Никанор мешком свалился на берег. А трап, заскрипев, уже был поднят наверх. Катер, дав задний ход, быстро развернулся и пошел к еле видневшемуся в сумерках противоположному берегу, где через пролив шириной в тринадцать километров светилась огнями, спокойно жила — Оссора…
— Вернитесь! Возьмите меня! Я буду жаловаться, я сообщу о вас куда следует! Вы ответите перед законом, убийцы! — кричал Блохин.
Но его голос уже не был слышен на катере. Да и услышь его — не повернула бы команда… Такое задание она выполняла не впервые, заранее зная последствия пребывания каждого оставленного на острове стукача.
Катер обратным рейсом привезет в Октябрьский комиссию. К тому времени все чекисты успеют забыть о Блохине. Устали от него. Да и пора было понять, что с огнем и с палачом дружить опасно…
Никанор огляделся вокруг. Приметил мелькнувшую за кустами спину крупного волка. Вот он выставил нос. Втянул воздух. И, словно ошалев от запаха, взвыл со стоном, так, что у Блохина душа заледенела от ужаса.
Зверь протяжно звал свою волчицу, но из кустов, из-за коряг, ему ответила целая стая.
Она взяла Никанора в кольцо. Оно сжималось, становилось все теснее, страшней, как петля на шее.
Никанор спиною пятился к морю, хотя знал, оно — не спасение. За свою жизнь он не научился плавать.
Море быстрее стаи зверей могло погубить его.
Никанор нагнулся к земле, чтоб нашарить сук, камень иль палку, чтоб отбиться от волков. Но рука наткнулась на человечий череп, набело обглоданный зверьем.
— Скоты? За что же меня убить решили? Уж лучше б там — пулю! Так и этого не сделали! Сволочи! Людоеды! — орал он то ли не слышащим его чекистам, то ли волкам, подступившим уже вплотную.
Вот матерый волк изогнул спину. Рыкнул, словно дал сигнал собратьям, рванувшимся на Никанора со всех сторон. Стукач и замахнуться не успел, как вожак, сбив его с ног, сомкнул челюсти на горле Никанора.
Чавканье, рык длились недолго, И вскоре на Карагинском снова стало тихо.
Так в Усолье называли, несмотря на минувшие годы, старика Комара.
В глаза и за глаза. От детей до стариков, не было у Комара иного звания, имени. И даже те, кто как и он, были сосланы сюда за пособничество врагу, послушав Комара, вскоре навсегда от него отвернулись, назвав его извергом, выродком, людоедом, палачом.
Комар об этом знал. Не единой душой жил в доме.
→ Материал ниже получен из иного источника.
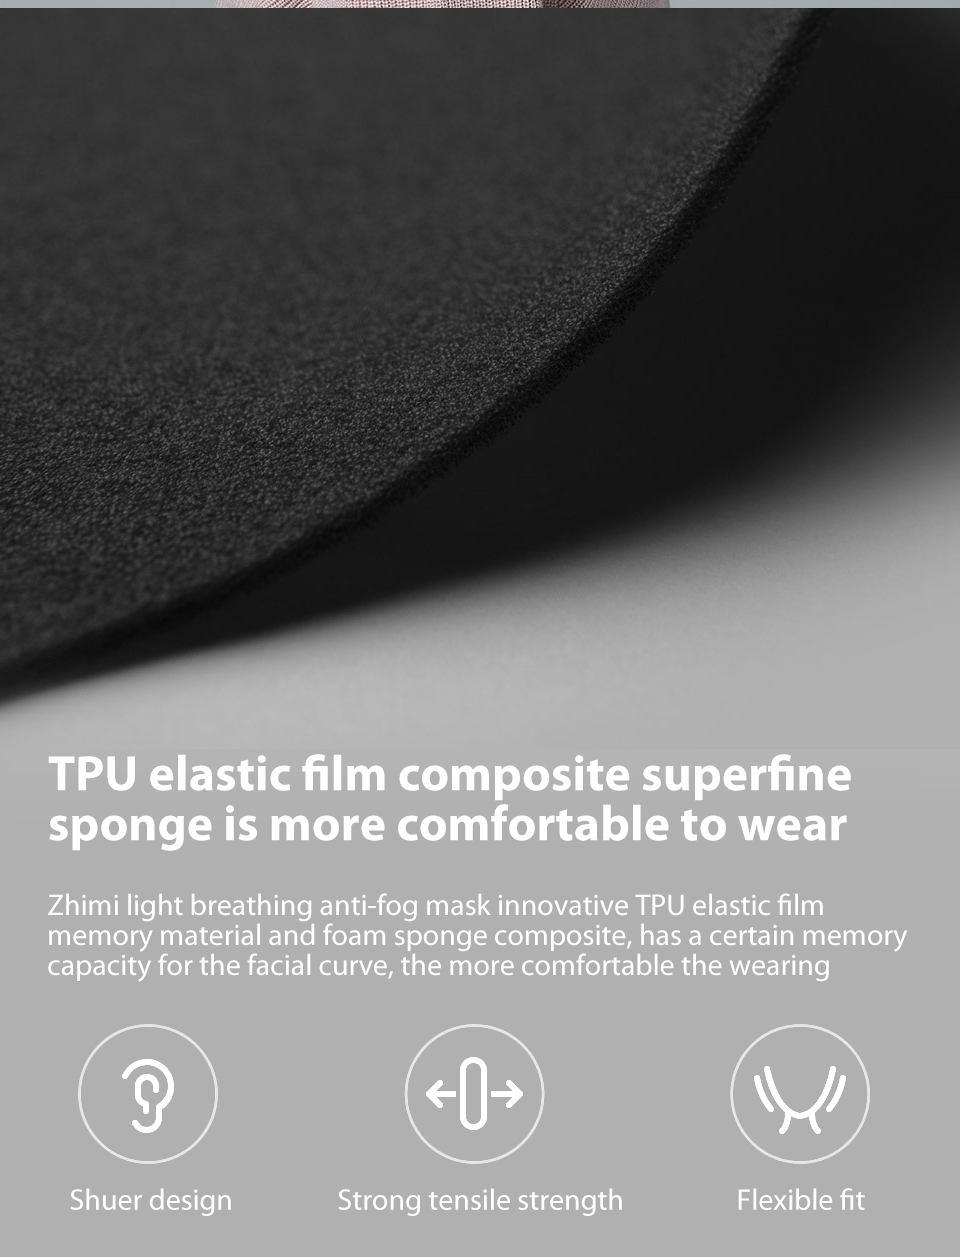 Xiaomi Mijia Smartmi Filter Mask Block 97% PM 2.5 with Ventilating Valve Long-lasting TPU Material 3 PCS Filter Mask Smart Home (12)

Семью имел немалую. Все его слушались. Да и как иначе, если испокон века главою всякой семьи считался старший по возрасту мужчина, способный разумно вести хозяйство и крепко держать в руках всех домочадцев.
Старик Комар со всеми управлялся. При его появлении даже корова в хлеве вставала с теплой подстилки и, кося на хозяина влажными глазами, просила протяжно свое излюбленное — краюху хлеба с солью.
Старик о том никогда не забывал. И, полакомив корову, выпустив во двор кур, шел в дом будить заспавшуюся семью. Теперь она разрослась.
В доме все сыновья женаты. Внуки имеются. Старший, Андрей, женившись на вдове Ерофея — Зинке, так и остался жить в ее доме. А детей на догляд и воспитание сюда приводил.
Старик радуется: не пропадет род, не зачахнет. Четырнадцатый внучок недавно на свет объявился. Весь в отца, в Серегу, младшего сына. Такой же мордастенький, горластый, лохматый.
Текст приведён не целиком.